TLDR: This paper induces learned options to terminate in small distribution of states. This makes it easier to transition and plan.
Hierarchical Reinforcement Learning, specifically End to End option discovery, suffers from option collapse, where options collapse into single action primitives. One reason is because an option should terminate if another option has better value. Unfortunately, due to noise in learning option value function, this happens often.
In this work, authors propose modifying termination objective by making it completely independent of task reward. Instead, they use an information theoretic objective and induce termination only on a small set of states. This makes it easier for planning.
What is nice is the way this objective is optimized. They derive a termination gradient that can be expressed in terms of the option model. Then they can jointly train the option model on the task, and the termination condition on the termination objective.

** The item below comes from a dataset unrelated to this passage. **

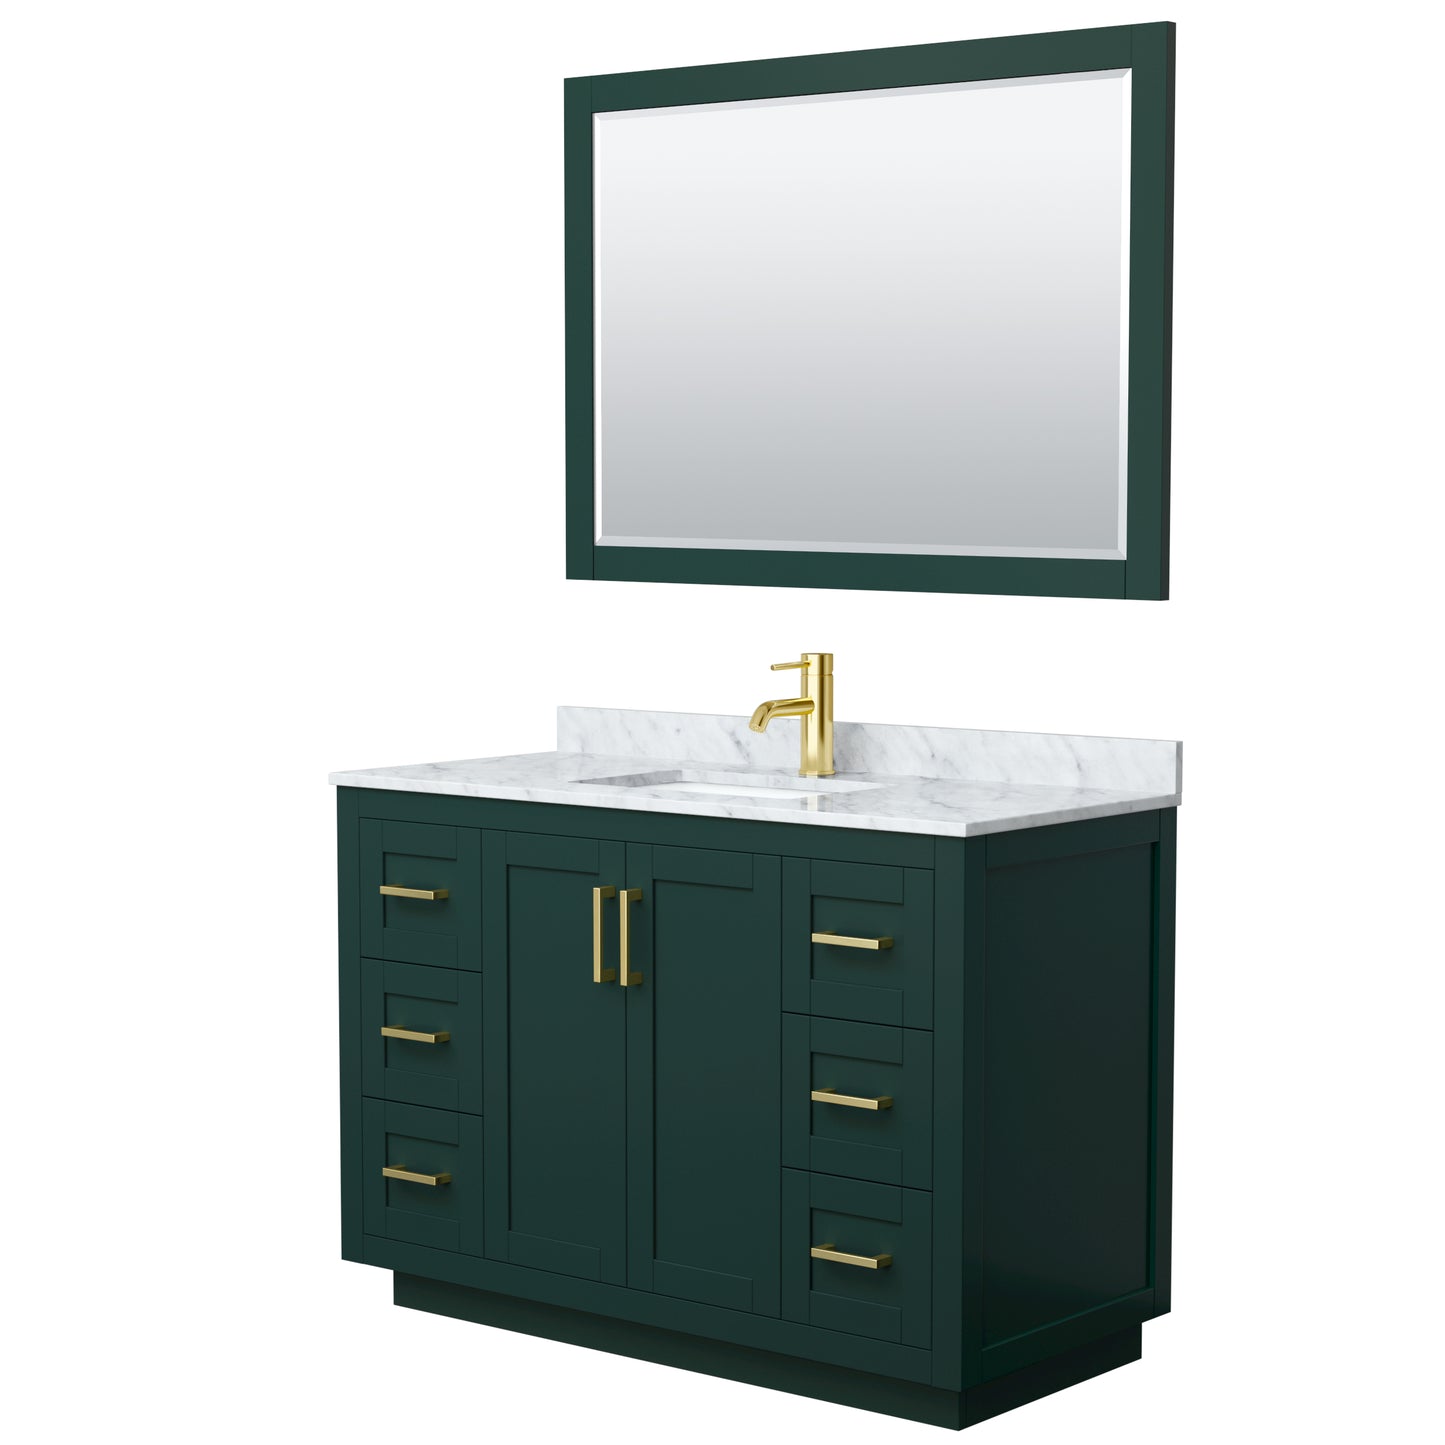 Wyndham Miranda 48 Inch Single Bathroom Vanity in Green with White Carrara Marble Countertop Undermount Square Sink with Trim - Luxe Bathroom Vanities

Their proposed overall objective first contains the Predictability Objective. Desirable options are targeted and have small terminating regions. This is represented by by minimizing entropy of final states of options. While this may seem simple and obvious, the way the authors represent the optimization of this loss is novel.
The authors experiment on simple HRL environments like 4 rooms gridworld. They show their model outperforms (not by much, maybe 10-20%) normal options critic. They also attempt to show more directed termination helps planning performance. Their figure is hard to read, but the argument that more directed termination states => easier value prediction / iteration => faster convergence and improvement makes sense to me.